In the afternoon, we were broken up into three groups and had the opportunity to observe some elective operations in the areas of arthroplasty and hand surgery. At about 1700 H, we all met up at the Wrightington Hall where three of us had to present their work to the hospital consultants and registrars. After the presentations, we were then entertained to a sumptuous English style dinner at a restaurant nearby and a good night rest after that. On the next morning, we again were broken up into small groups and observed again the cases being operated electively and for the group at the Hand surgery section, they had the opportunity to meet up with Prof. John Stanley and see him do some interesting cases. We only had time till the afternoon at about 1200 h and although most of us still wanted to stay on for the interesting cases, we had to move on to Manchester which is a two hour drive from Wrightington to attend the Precongress of the Annual British Orthopaedic Association Annual Congress 2007.

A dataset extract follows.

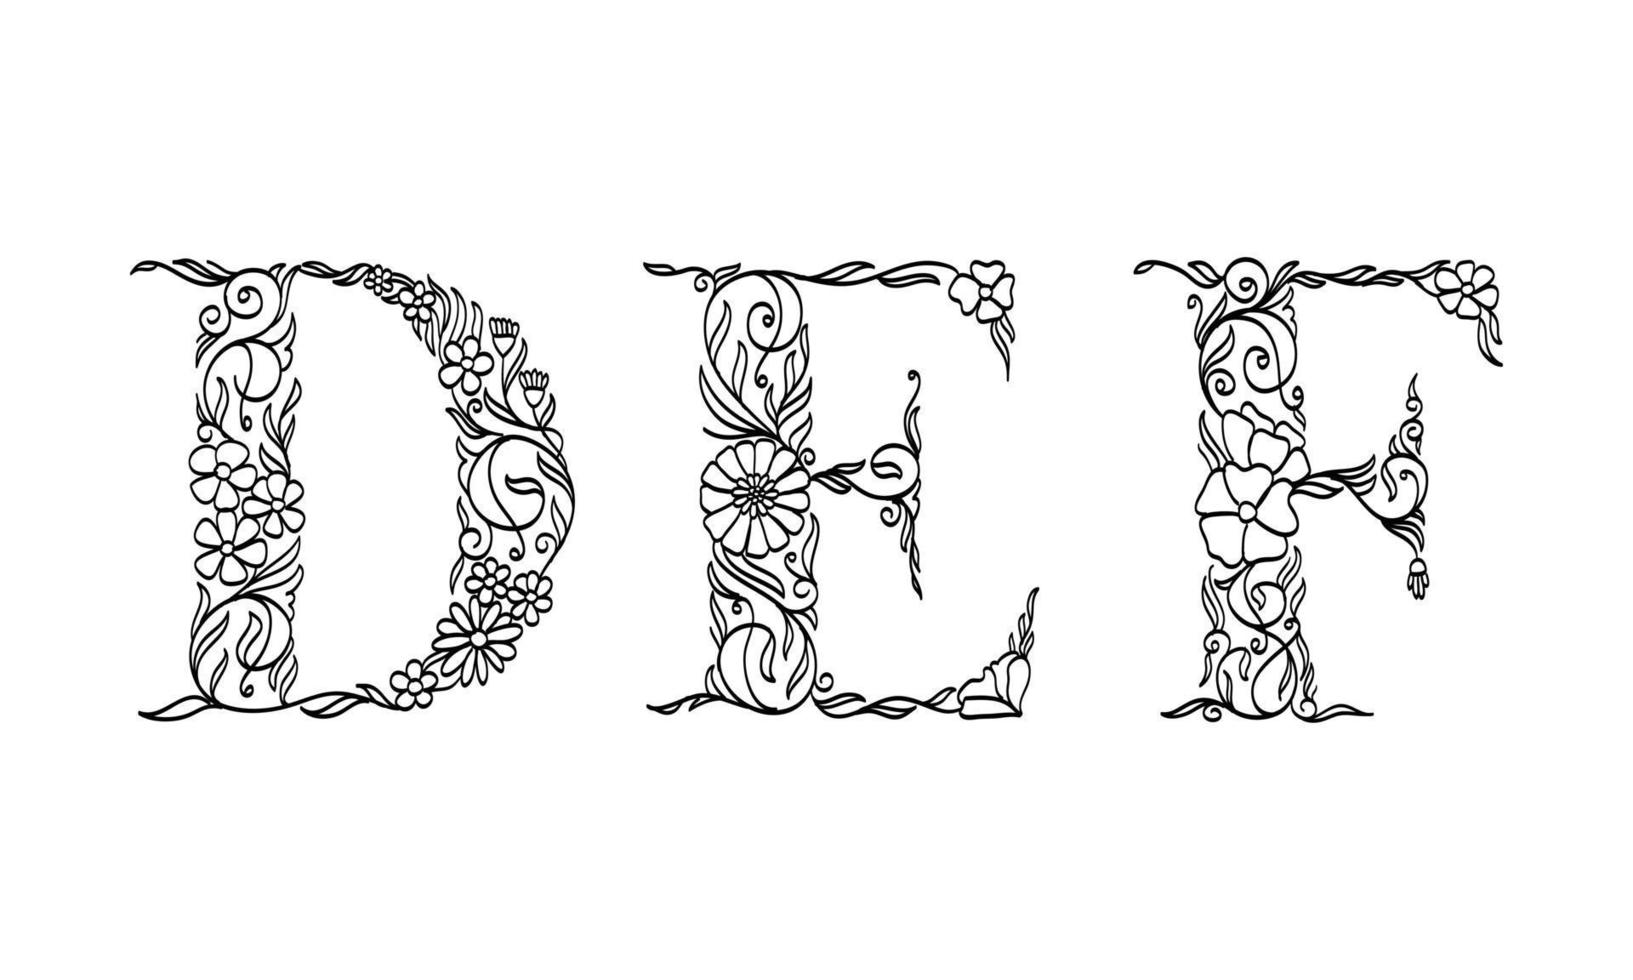 illustrazione floreale alfabeto d, e, f, carattere grafico vettoriale realizzato da piante di fiori e foglie linea arte creativa disegnata a mano per uno stile di natura astratta e naturale sembra in una decorazione dal design monocromatico unico

Overall this trip was a good experience for most of us since this was a first hand overview of the orthopaedic services rendered in a established and well known centers. Despite the fact that there are some similarities in the management of the cases, how each patient is approached in treatment especially the Patient Information center at Wrightington Hospital is unique and very practical for the patients going for hip or knee replacements. Also we noted that the consultants have good records and a decent registry of their patients for research and long term results as can be seen at the Sheffield Children’s Hospital for the reconstructive cases and in Wrightington Hospital of the arthroplasty cases. The information from these records can easily be recovered by the attending surgeons for research purposes.

Also in almost all these hospitals, research has an important place in all the units and emphasis and funding is provided to ensure that this is an ongoing thing. At centers like Royal National Orthopaedic Hospital at Stanmore, they have a bioengineering department which makes custom made prosthesis available at a short notice for the surgeons concerned.

From left: Dr. Ludwig Andre Pontoh (Indonesia) Dr. Fong Sheeyan (Singapore) Dr. David L. Alagar (Philippines) Dr. Nguyen Viet Tien (Vietnam) Dr. Kachain Namsirikul (Thailand) Dr. Kamil Mohd Kasim (Malaysia)

We feel that this fellowship is a good way of learning the good practices available at United Kingdom while also exposing the medical practitioners there of the work that is being done down here in the ASEAN countries.